Pour plus de tranquillité et de discrétion, l'ensemble de cette panoplie est presque tout le temps dissimulé sous un long manteau de tissu, une sorte de cape surmonté d'un capuchon.
Spoiler:
 

Biographie:
-Les voilà! Encore les mêmes. Prenez place, nous allons leur offrir ce qu'ils cherchent.

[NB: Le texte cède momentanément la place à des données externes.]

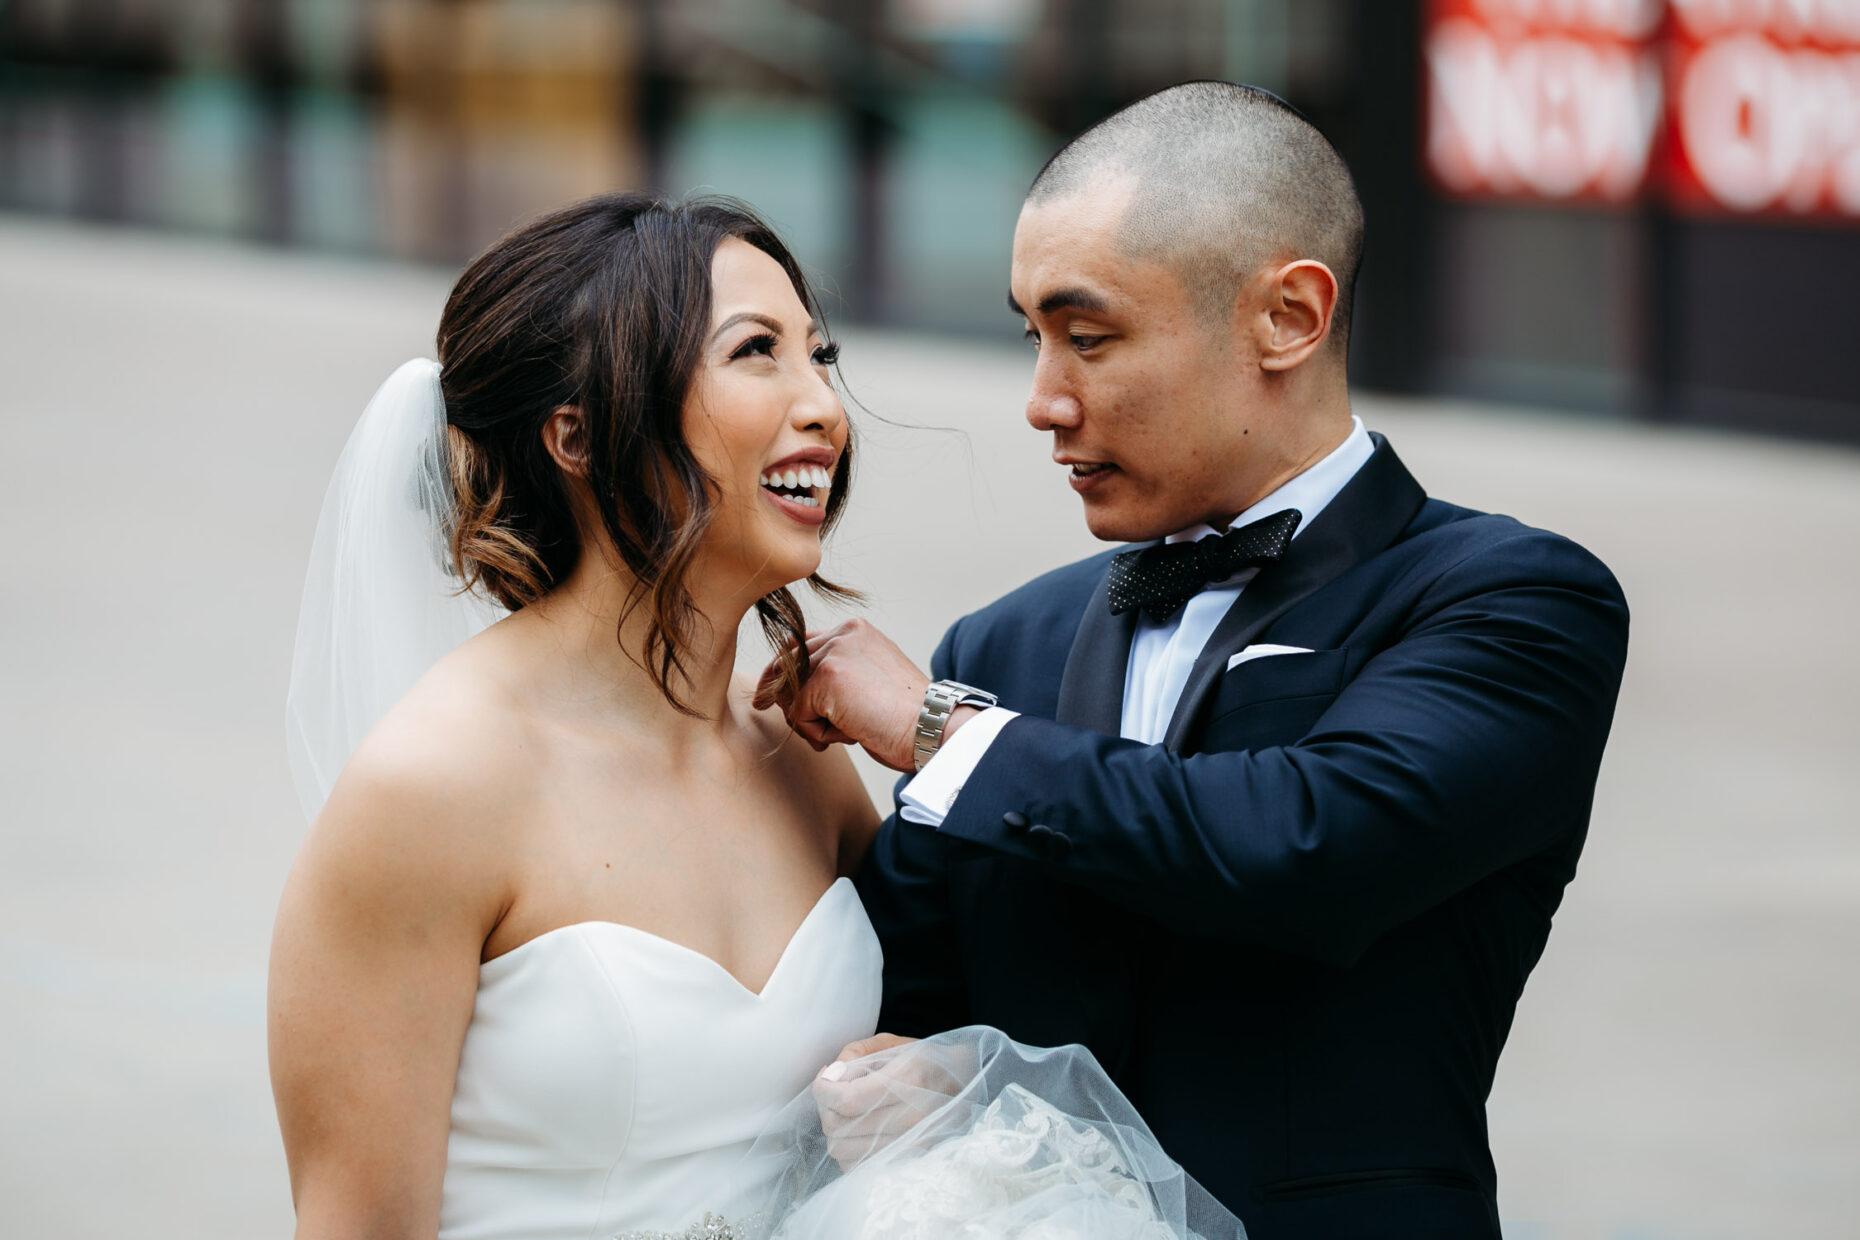 Sacramento wedding photographer documenting organic moments between couples
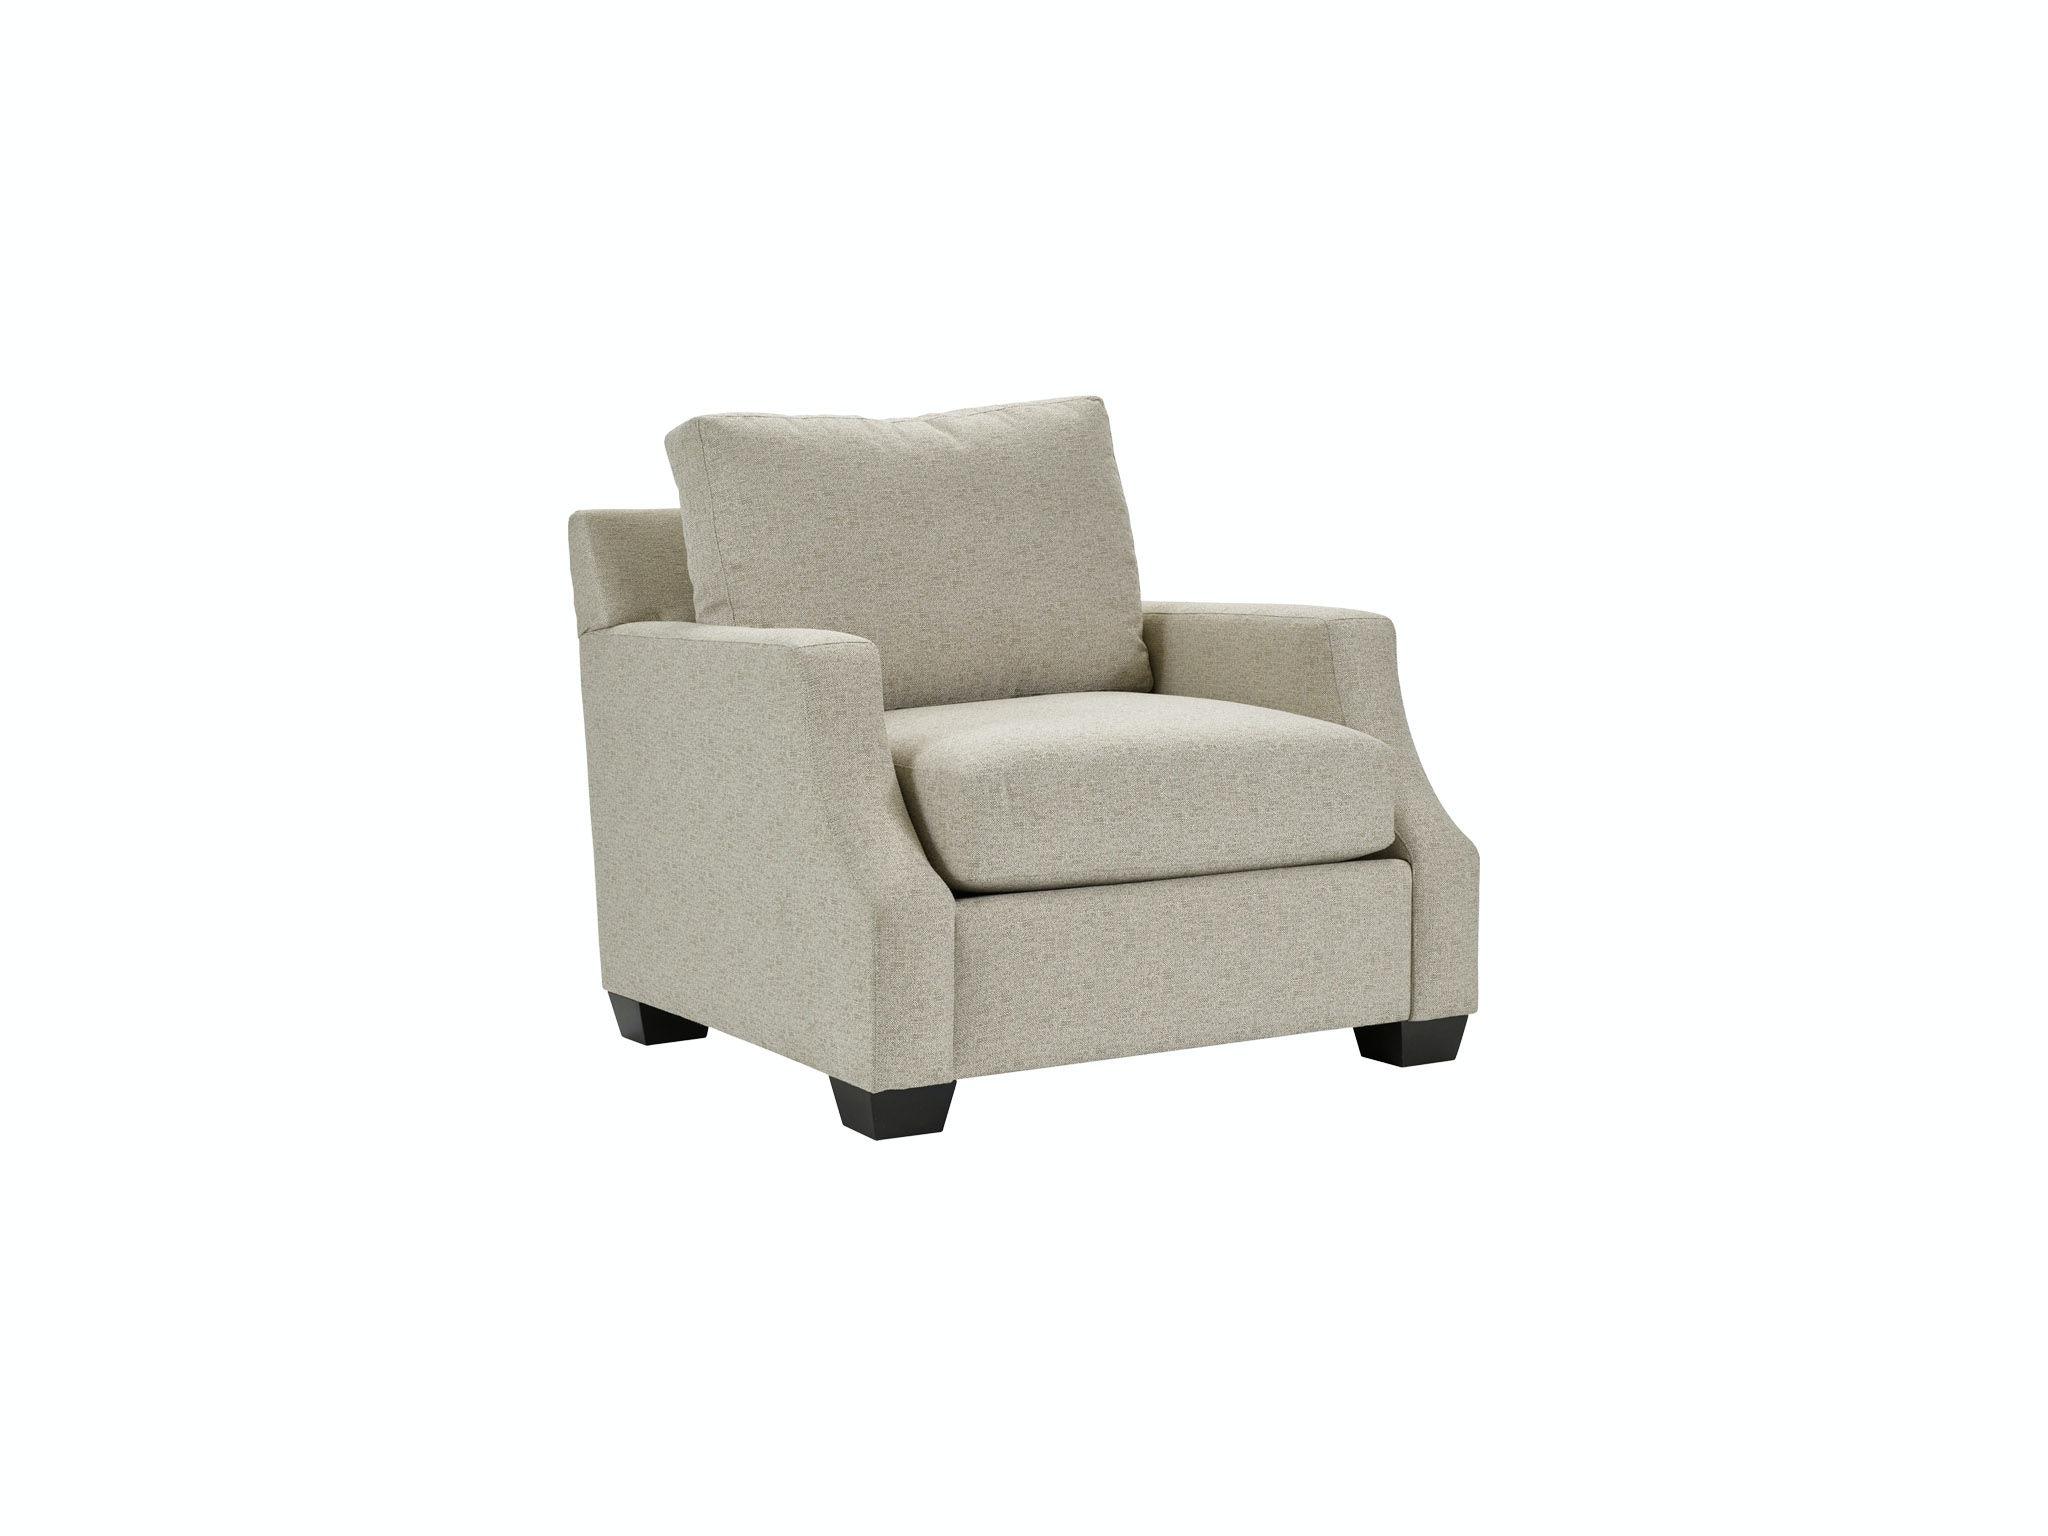 Broyhill Chambers Chair 4212 000

Pour la troisième fois de la semaine, une bande de brigands s'approchait du village trawen. Comme la majeure partie des autres assaillants, il cherchait à récupérer une importante quantité d'argent facilement en attaquant le village d'une assemblée "d'imbéciles heureux" comme ils aimaient les appeler. Pour tous ces voleurs, les Trawens n'étaient que de misérables pécheurs qui gardaient un énorme trésor. Il suffisait de les balayer pour ramasser le magot. Rien de plus simple, non? Et bien non, justement. S'ils paraissaient pacifiques et faibles, les Trawens étaient autrefois membres d'une nation guerrière. Peu fiers de leur passé violent et taché de sang, ils avaient néanmoins gardés leurs capacités martiales et n'hésitaient pas à s'en servir lorsque le besoin se faisait sentir. Les pillards avançaient à grands pas à travers la plaine qui les séparait du village. En quelques minutes, ils seraient arrivés. Néanmoins, les autochtones leur réservaient un accueil particulièrement désagréable. Chaque homme trawen dont l'âge se situait entre 20 et 45 ans était réquisitionné lors de ce genre d'évènements. Orgueilleux et belliqueux, même dans leur pacifisme, c'est l'épée au poing qu'ils défendaient leurs biens. Et cette bande de voleurs en quête d'argent n'allait pas tarder à l'apprendre.
Soigneusement dissimulés derrière les maisons, les défenseurs attendaient patiemment le moment où la troupe de brigands entrerait dans leur village. A l'arrivée des assaillants, la porte du village était grande ouverte. Surpris, ils entrèrent prudemment, surveillant les alentours. Une fois qu'ils furent tous à l'intérieur, les Trawens quittèrent leurs cachettes. Sans prévenir, ils s'abattirent violemment sur leurs ennemis. S'en suivit un fracas bruyant et sanglant. En seulement quelques minutes, tout était fini. Bien heureusement, aujourd'hui, pas de pertes chez les défenseurs. Les corps des attaquants gisaient à terre, dans une grande mare de sang. Et autour d'eux, un cercle formé d'hommes en armure. Ceux qui étaient sortis victorieux de la bataille. Rompant le cercle, Nalkas s'approche des cadavres et s'agenouille à leurs côtés.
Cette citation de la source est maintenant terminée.